Ali são descritos manias (um édito de Tibério proibia as pessoas de se aproximarem dele) e alguns hábitos cruéis, como a dizimação de coortes menos bravas (i.e., a execução de 1 em cada 10 soldados) ou o castigo de parricidas, atirados ao rio dentro de um saco de couro com um cão, um galo, uma cobra e um macaco.
Surpresa, surpresa, César tinha os membros bem torneados e o rosto um pouco cheio, ao contrário da imagem esguia desenhada por Albert Uderzo, era apodado de bissexual promíscuo (Curio, num discurso, trata-o como 'o marido de todas as mulheres e a mulher de todos os maridos') e, num aperto 'lançou-se ao mar e nadou duzentos pés, até ao navio mais próximo, mantendo a mão esquerda levantada para não molhar os escritos que levava' - o famoso naufrágio de Camões foi uma curiosa coincidência (a história repete-se), ou falta de imaginação?

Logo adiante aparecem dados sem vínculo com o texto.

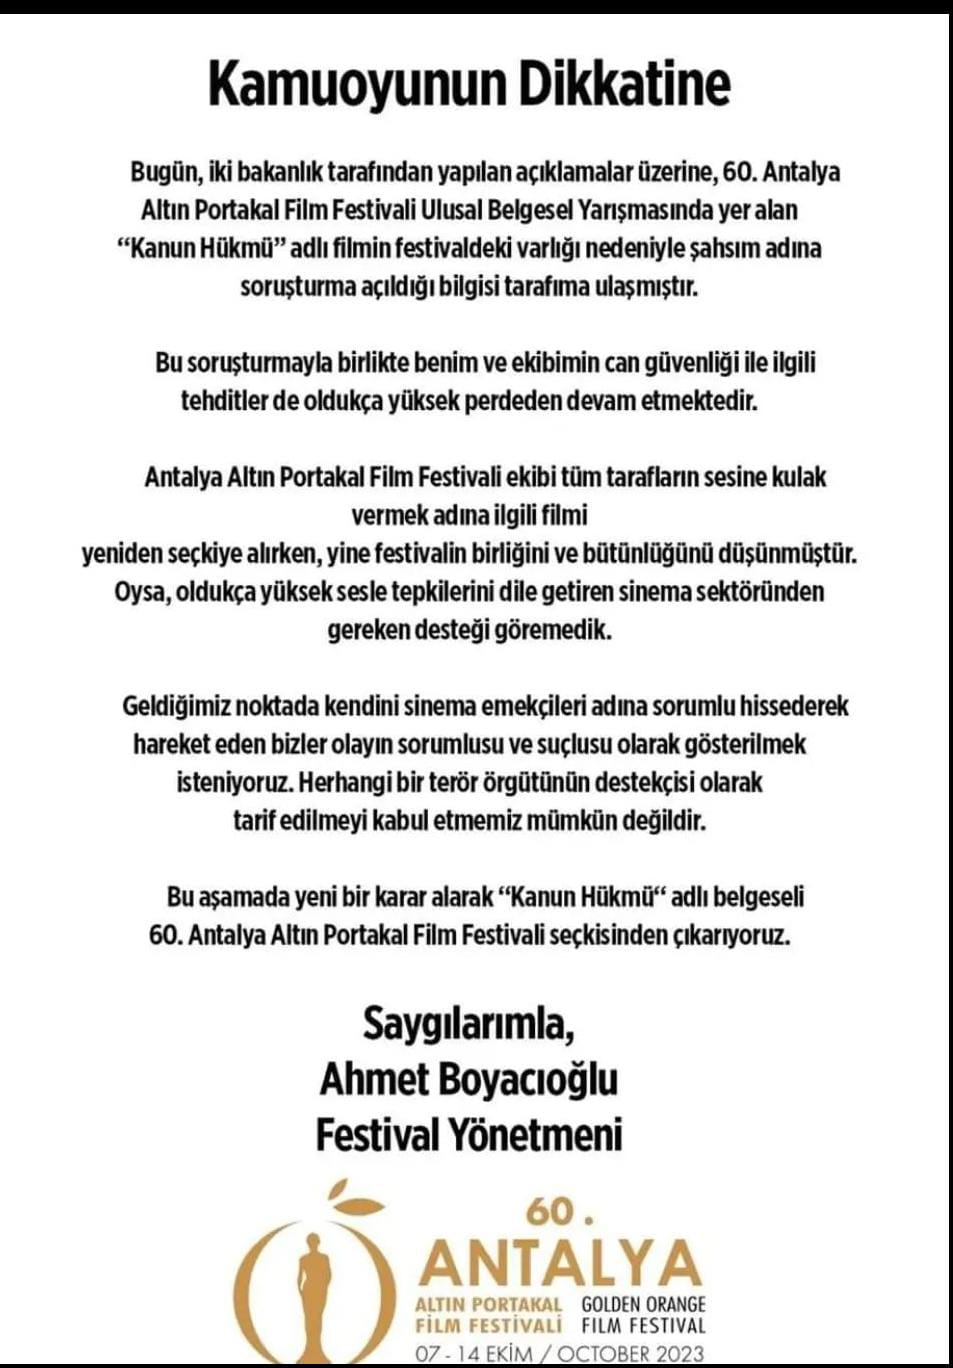 Kanun Hükmü' yine festivalden çıkarıldı - Gündem - Antalya Haberleri

* a versão sensacionalista de Suetónio, de que Nero mandou incendiar Roma, porque os edifícios eram feios e as ruas estreitas, é contrariada pelo historiador Tácito (mais reticente em veicular os diz-que-disse mais picantes, e mais brando com Messalina, por exemplo), que terá razão - o imperador nem estava na cidade, e foi expedito no plano de combate às chamas.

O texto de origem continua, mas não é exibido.